In summary, 1, the clinical indirect measurement instrument for the tibial rotation angle is convenient to use and simple to operate, is specially designed for measurement of the tibial torsion angle, and reduces the error of the measurement result to the greatest extent;

2. compared with cadaver measurement, the clinical indirect measurement device for the tibia rotation angle can be used for measurement on different single living bodies, and has practical significance for diseases of patients; compared with CT medical image measurement, the device has the advantages that the cost is low, the device can be repeatedly used, and the cost is greatly saved in the aspect of measuring the tibia torsion angle.

In the description herein, references to the description of "one embodiment," "an example," "a specific example," etc., mean that a particular feature, structure, material, or characteristic described in connection with the embodiment or example is included in at least one embodiment or example of the invention. In this specification, the schematic representations of the terms used above do not necessarily refer to the same embodiment or example. Furthermore, the particular features, structures, materials, or characteristics described may be combined in any suitable manner in any one or more embodiments or examples.

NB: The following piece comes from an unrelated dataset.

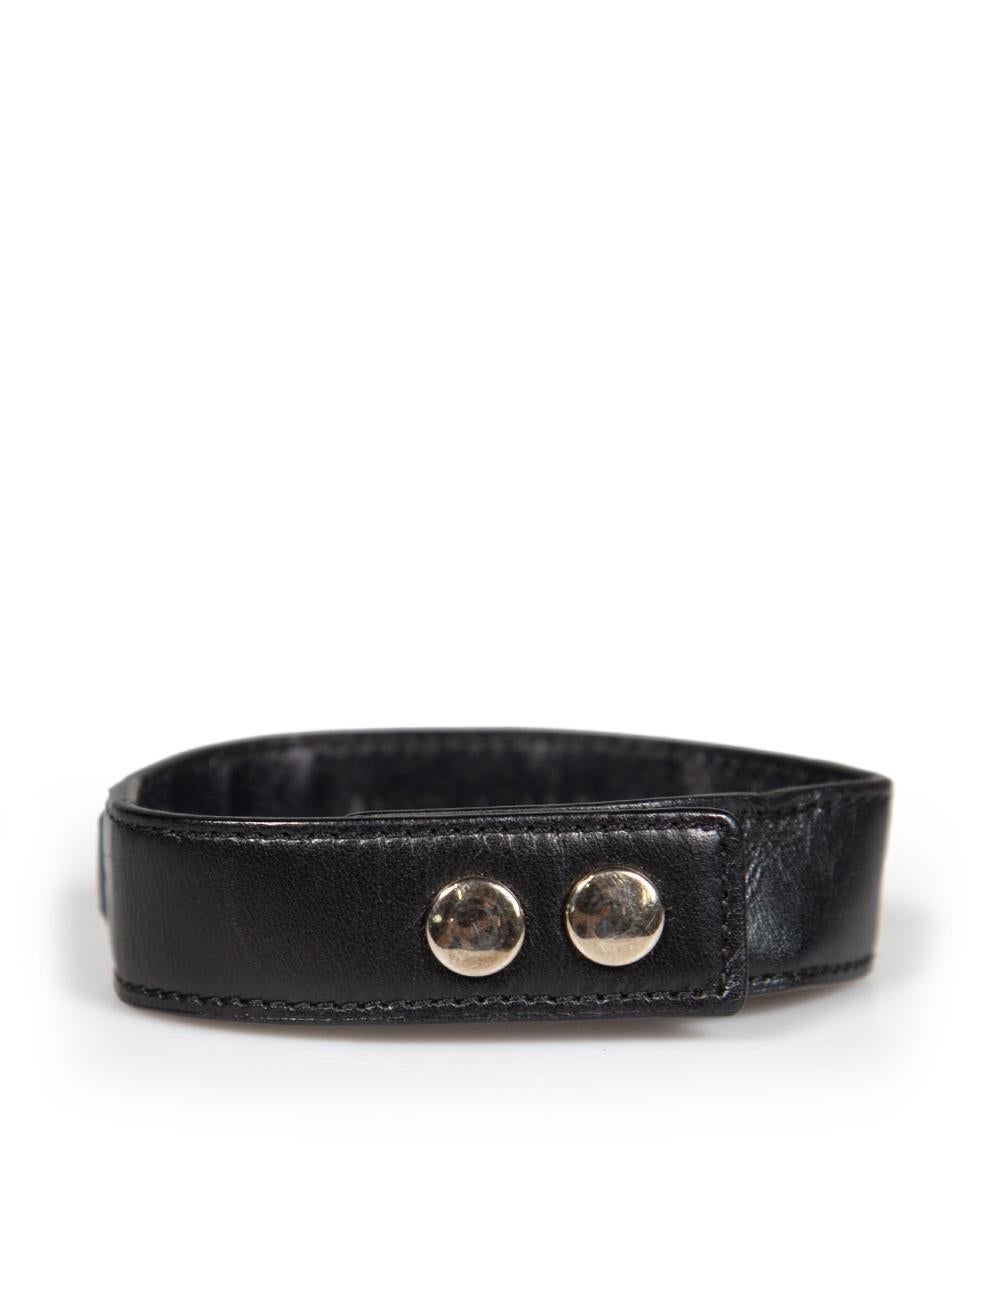 Women's Saint Laurent Black Leather Silver Chain Bracelet For Sale

The preferred embodiments of the present invention disclosed above are intended only to help illustrate the present invention. The preferred embodiments are not intended to be exhaustive or to limit the invention to the precise embodiments disclosed. Obviously, many modifications and variations are possible in light of the above teaching. The embodiments were chosen and described in order to best explain the principles of the invention and its practical applications, to thereby enable others skilled in the art to best understand the invention for and utilize the invention. The present invention is limited only by the claims and their full scope and equivalents.

Claims (6)

1. A clinical indirect measurement instrument for a tibial rotation angle, comprising: the device comprises a longitudinal rod, a telescopic rod, a longitudinal rod lantern ring, an adjustable snap ring with a spring at the far end, a wing platform, a pointer, a far end protractor, a near end protractor, a telescopic rod lantern ring and an adjustable snap ring with a spring at the near end;

the inner part of the proximal end part of the longitudinal rod is hollow, and the distal end of the telescopic rod is telescopically connected in the hollow part of the proximal end of the longitudinal rod; the longitudinal rod is connected with a longitudinal rod lantern ring which can rotate around the longitudinal rod near the far end, two symmetrical sides of the longitudinal rod lantern ring are respectively connected with a wing platform, the joint of the longitudinal rod lantern ring and the wing platform is symmetrically hinged with two far end adjustable snap rings with springs, the springs are connected between the far end adjustable snap rings with the springs and the wing platforms, and the inner diameter between the two far end adjustable snap rings with the springs can be adjusted through the elasticity of the springs; the lower end of the longitudinal rod lantern ring is fixedly connected with a pointer; the far-end protractor lantern ring is fixedly connected to the longitudinal rod next to the longitudinal rod lantern ring, the far-end protractor lantern ring is vertically connected with a far-end protractor connecting rod, the far-end protractor connecting rod is perpendicular to the wing platform, and the far-end protractor is connected to the lower end of the far-end protractor connecting rod; the wing table, the longitudinal rod lantern ring, the adjustable snap ring with the spring at the far end, the pointer and the longitudinal rod locking knob form a whole;

the telescopic rod is fixedly connected with a telescopic rod lantern ring close to the near end, two symmetrical sides of the telescopic rod lantern ring are respectively connected with a wing platform, two adjustable clamping rings with springs at the near ends are symmetrically hinged at the joint of the telescopic rod lantern ring and the wing platforms, the springs are connected between the adjustable clamping rings with the springs at the near ends and the wing platforms, and the inner diameter between the two adjustable clamping rings with the springs at the near ends can be adjusted through the elasticity of the springs; the lower end of the telescopic rod lantern ring is fixedly connected with a pointer; the near-end protractor lantern ring is fixedly connected to the telescopic rod next to the telescopic rod lantern ring, the near-end protractor lantern ring is vertically connected with a near-end protractor connecting rod, the near-end protractor connecting rod is perpendicular to the wing platform, and the lower end of the near-end protractor connecting rod is connected with a near-end protractor; the wing table, the telescopic rod lantern ring, the pointer and the near-end adjustable clamping ring with the spring form a whole, and the whole is fixedly connected at the near-end of the telescopic rod.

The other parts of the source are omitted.